BEGIN Recorded information

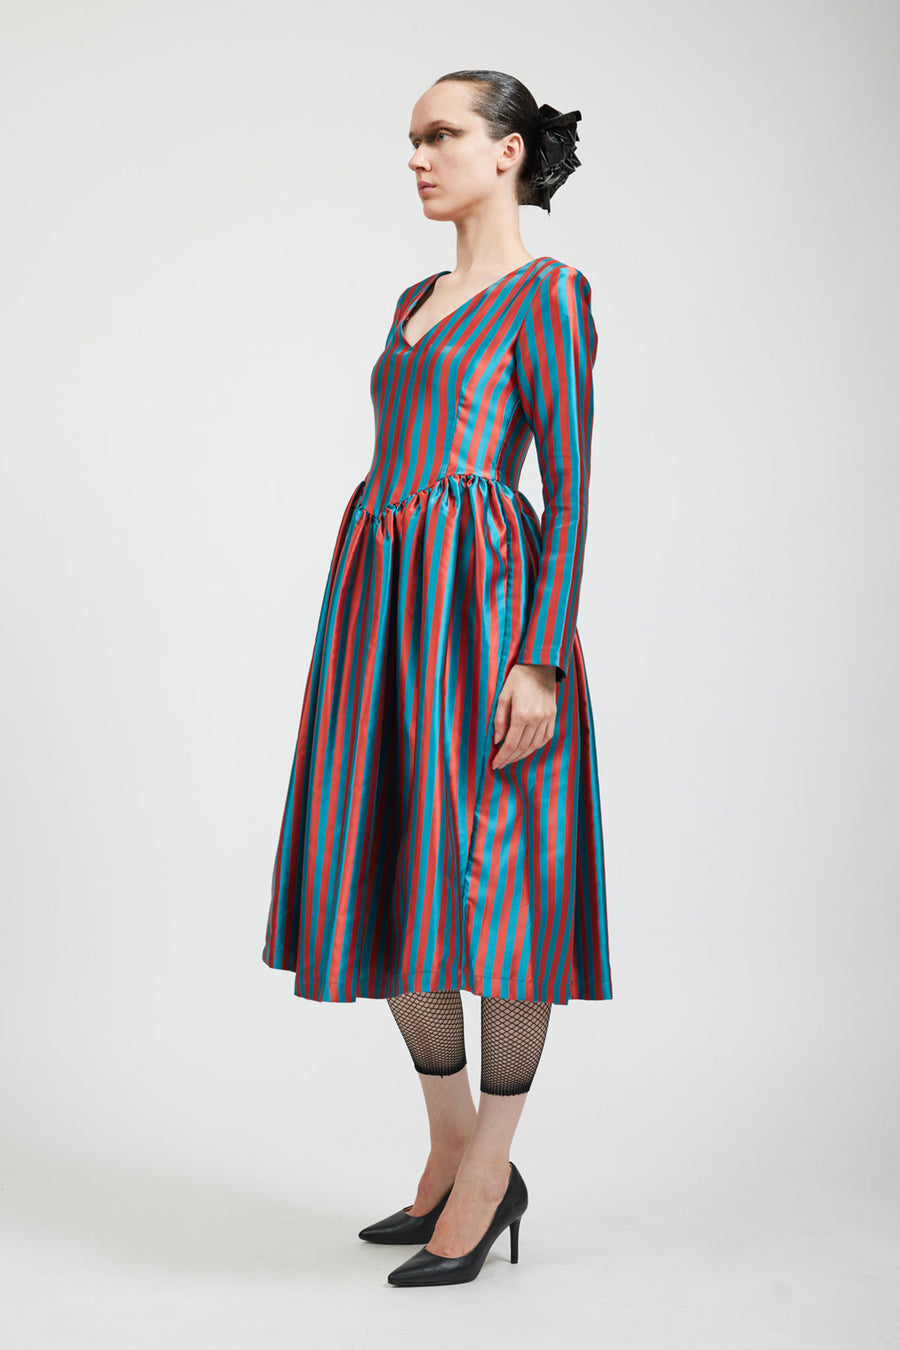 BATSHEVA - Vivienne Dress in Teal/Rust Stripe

END Recorded information
BEGIN Recorded information

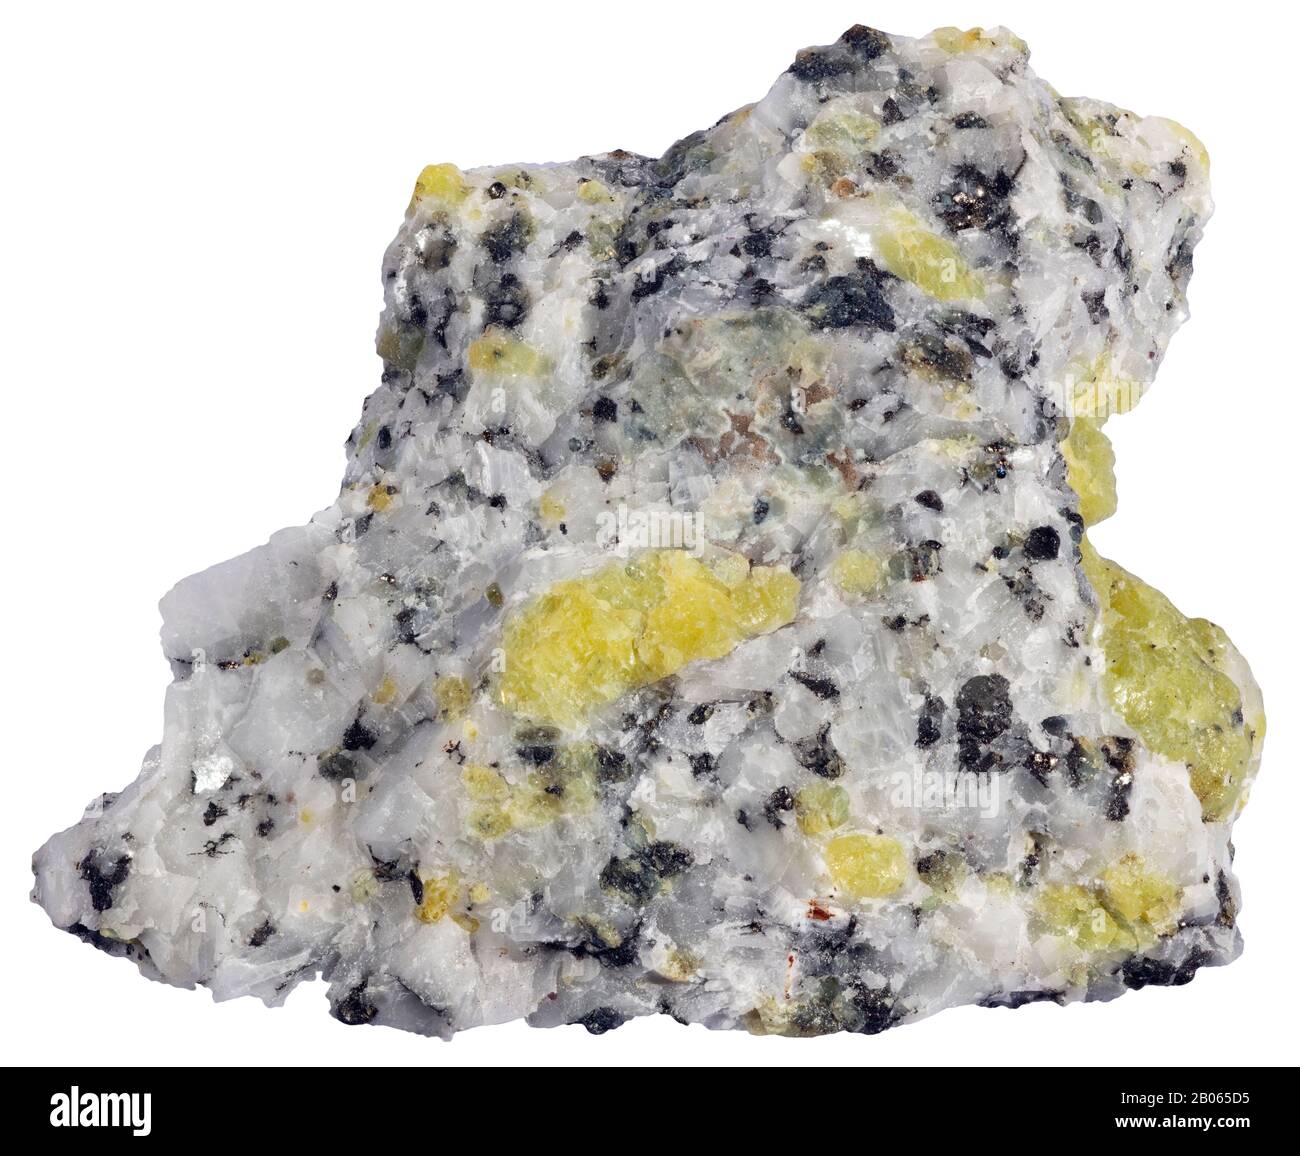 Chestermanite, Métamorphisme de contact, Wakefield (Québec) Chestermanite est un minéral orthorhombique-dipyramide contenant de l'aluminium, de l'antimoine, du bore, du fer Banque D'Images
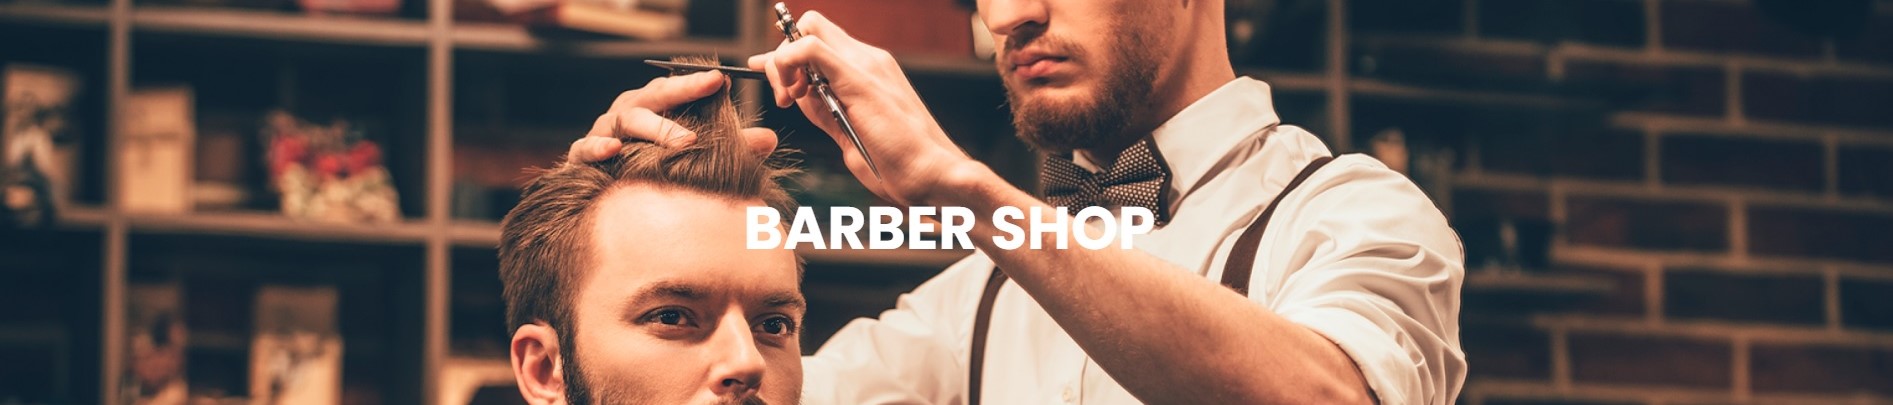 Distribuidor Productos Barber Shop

END Recorded information

### About this exercise:
Nothing but the lines from the one with "Chestermanite, Métamorphisme de" up to and including the one with "Distribuidor Productos Barber Shop" should be printed, exactly as they read above. Please keep the pictures out.

### Answer section:
 Chestermanite, Métamorphisme de contact, Wakefield (Québec) Chestermanite est un minéral orthorhombique-dipyramide contenant de l'aluminium, de l'antimoine, du bore, du fer Banque D'Images
 Distribuidor Productos Barber Shop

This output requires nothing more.